Protocole - Results - Discussion

SECTION ONE : PROTOCOL

Why not use a varied "reference" food on top of your controls, as did Monsanto?

In science we study one variable at a time. We can thus only seriously compare to a genetically similar control shown to be substantially equivalent to precisely study the GMO effect.

You are being criticized for not having mentioned the composition of the feed, how do you explain this?

We have scrupulously followed GPL (Good Laboratory Practice) standards which impose a balanced diet, as well as reinforced controls (with the analysis of mycotoxins, pesticide residues in the feed, as well the detection of pathogens in food, air and water). All feed formulations were made following a standard recipe that ensures a balanced nutrition for laboratory animals.

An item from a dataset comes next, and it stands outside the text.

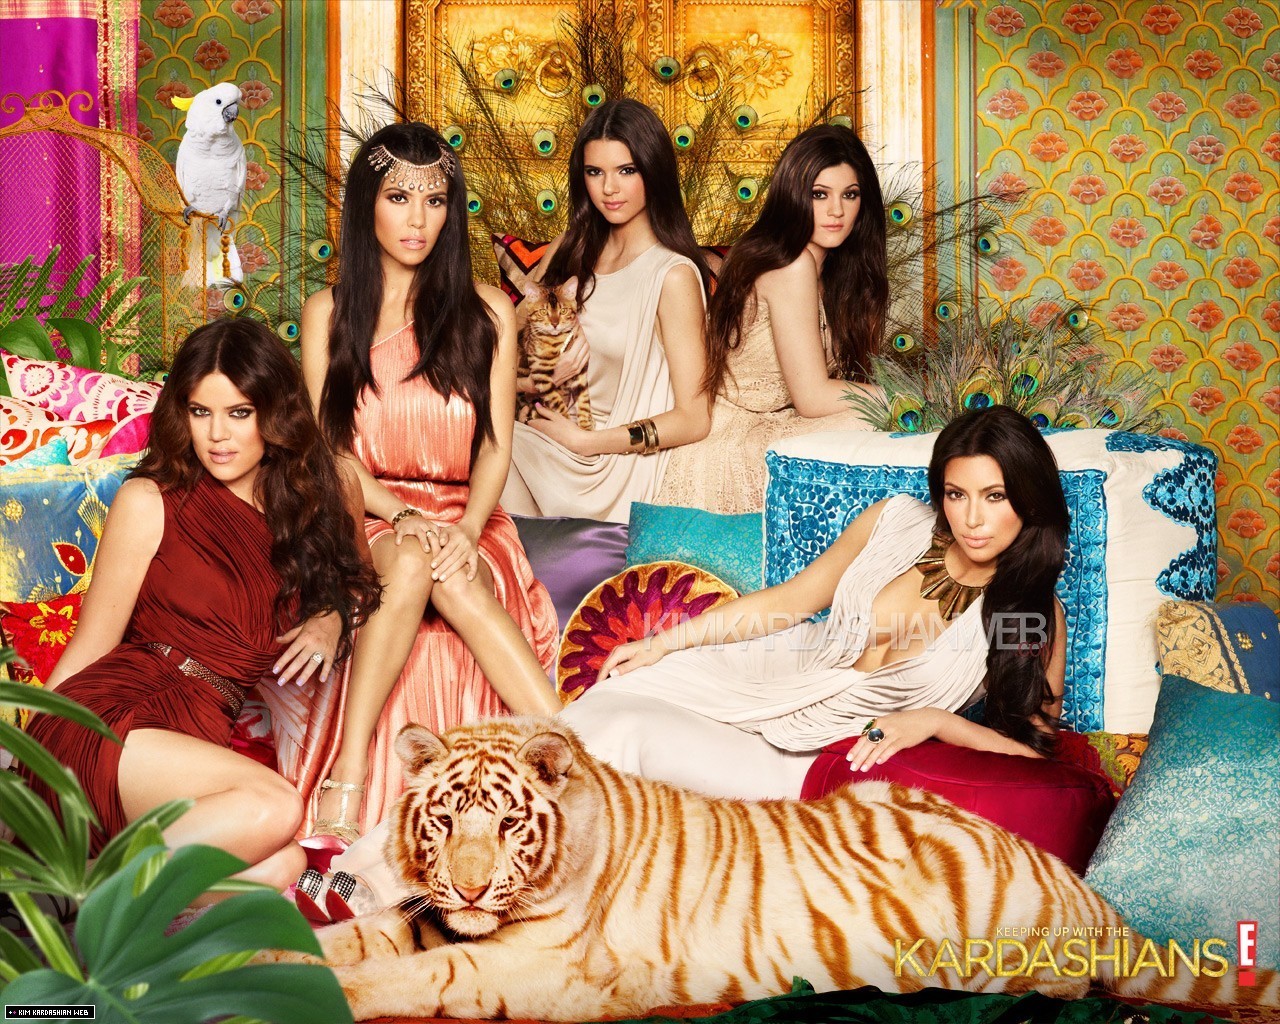 Keeping Up With The Kardashians: Season 6

What do you respond to the criticisms regarding your choice of rat breed?

We used the very rat breed Monsanto use (Sprague-Dawley) in their own toxicological studies on GMOs. This particular rat strain is mostly used in toxicology. The National Toxicology Program in the USA has even recently decided that this particular rat strain was the best model for toxicological studies and it would therefore be their top choice for any future study. What would be the interest of selecting a strain that doesn’t develop tumors to look for carcinogenic effects? Females in this strain develop mammary tumors (whereas males tend to develop kidney pathologies) towards the end of their lives, but what is really important is the difference between the treatments and the controls in terms of tumor occurrence and incidence. We noticed how early and often mammary tumors occurred in the treated females in comparison to the controls. Our study is not about carcinogenesis. We could never have expected such a strong incidence of hormone-dependent tumors, since Monsanto never measured hormone levels. What we have done is to conduct a toxicological life-long experiment, that studies all pathologies. This decision follows more than ever a logical scientific method. We have tested the repeatability of the measured effects in the Monsanto experiment, following OECD guidelines, with exactly the same parameters, and we even went further to try and find out whether the first signs of toxicity confirmed pathologic profiles in the long term. 

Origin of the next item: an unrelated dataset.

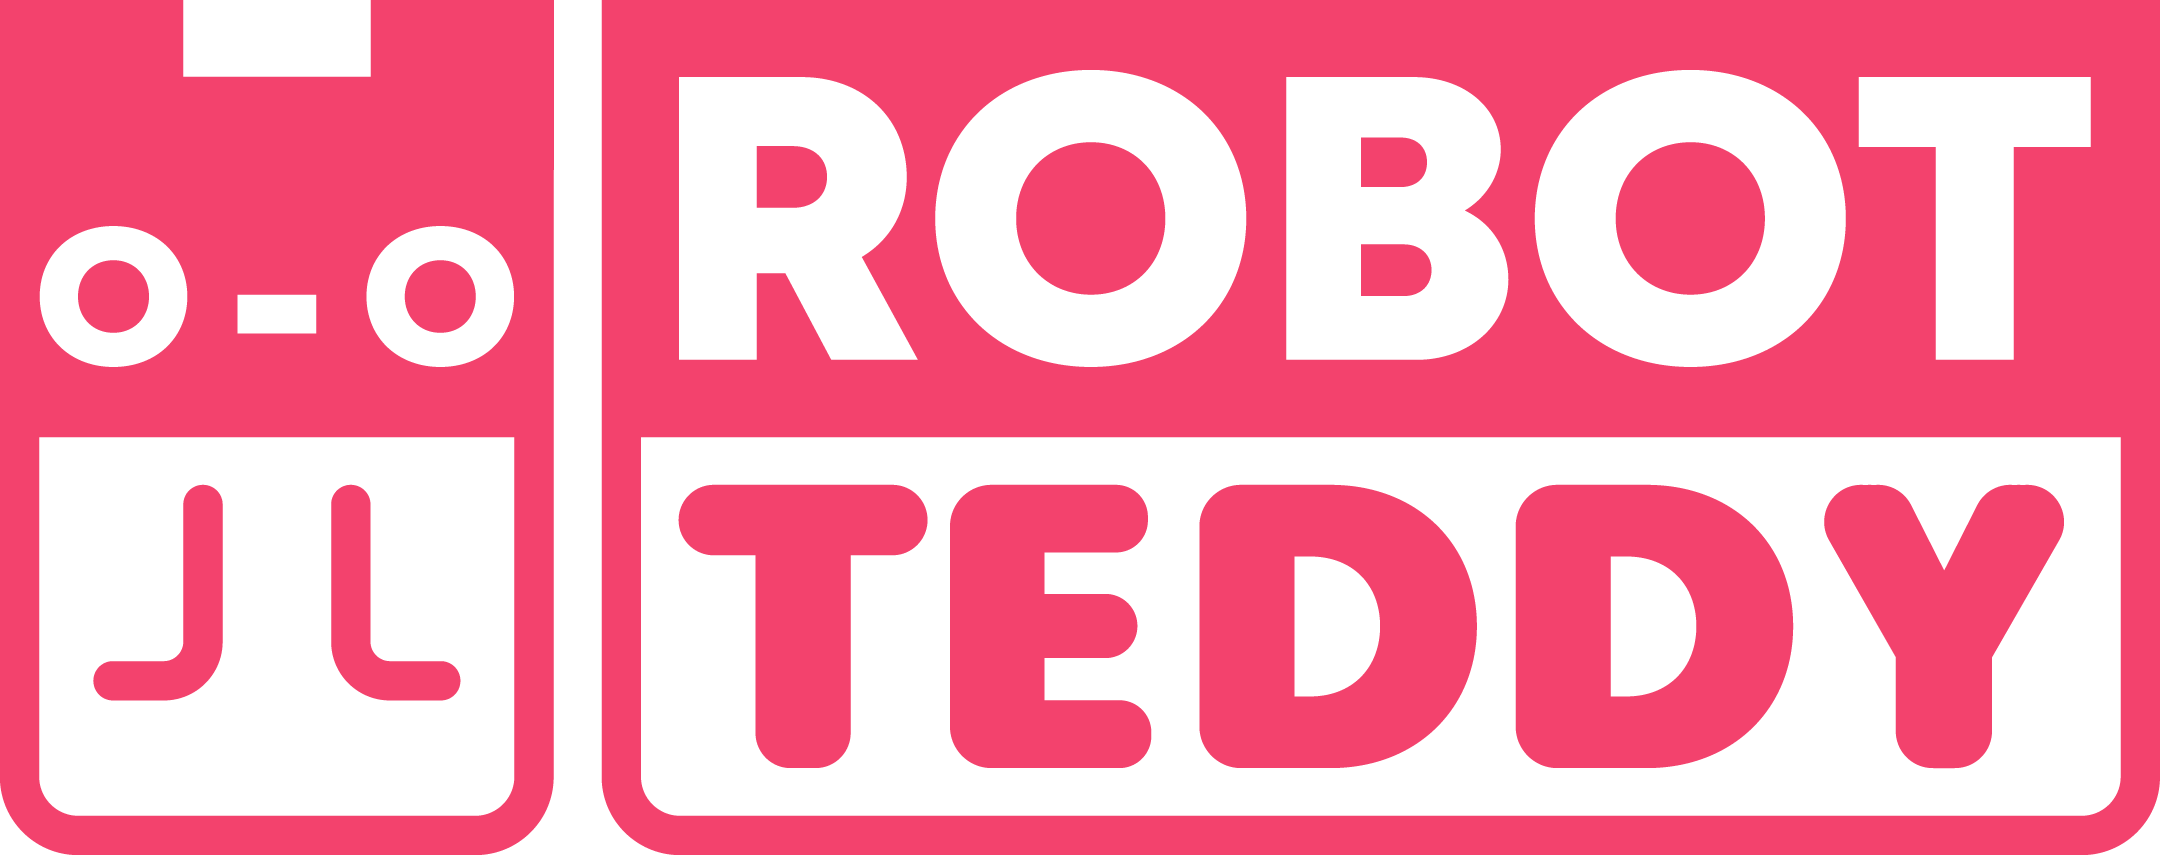 Logo for Robot Teddy (Thunderful)

What about the number of rats per group?

10 rats per group: it is what was accepted by Monsanto and up to now, it is as well the maximum number of rats per group in GMO assessment and more generally for chemical products toxicology following OECD guidelines. To be perfectly clear, we always compared 10 treated rats to 10 controls.

It is quite true that it results in a quite a low statistical power, that prevents from finding significant statistical effects, and we actually pointed this out in an earlier study (de Vendômois, IJBS 2009). We have therefore decided to be factual and to deliver raw data on the mortality and number of tumors. However we have conducted the highest performance statistics for biochemical data analyses of blood and urine. The method is called OPLS-DA (Orthogonal Partial Least Squares Discriminant Analysis), it is adapted to the analysis of a very large number of variables, as in the case of genomics and proteomics. Such statistics make it possible to determine discriminant variables between each treated group and the control group, and they corroborate what we have clinically observed, in anatomopathology, and optical and electronic microscopy.

Why not have used a standard statistical method?

These methods have not been judged satisfactory by expert agencies to demonstrate toxicity for groups of 10 rats. However, the maximum differences for deaths or tumors with controls (600 days, 2-5 times more) speak for themselves.
In addition, there is an underestimation of the tumorigenic effects at the end of two years compared to controls according to these curves data. This underestimation is due to the fact that the controls are living longer and developing pathologies, including tumors, towards the end of life.


What degree of confidence is there in the significant differences found by the statistical method OPLS-DA, there is no p-values?

This is one of the most modern methods to treat a large number of variables, such as in genomics, indeed the significance does not pass through the p-value reserved for other tests.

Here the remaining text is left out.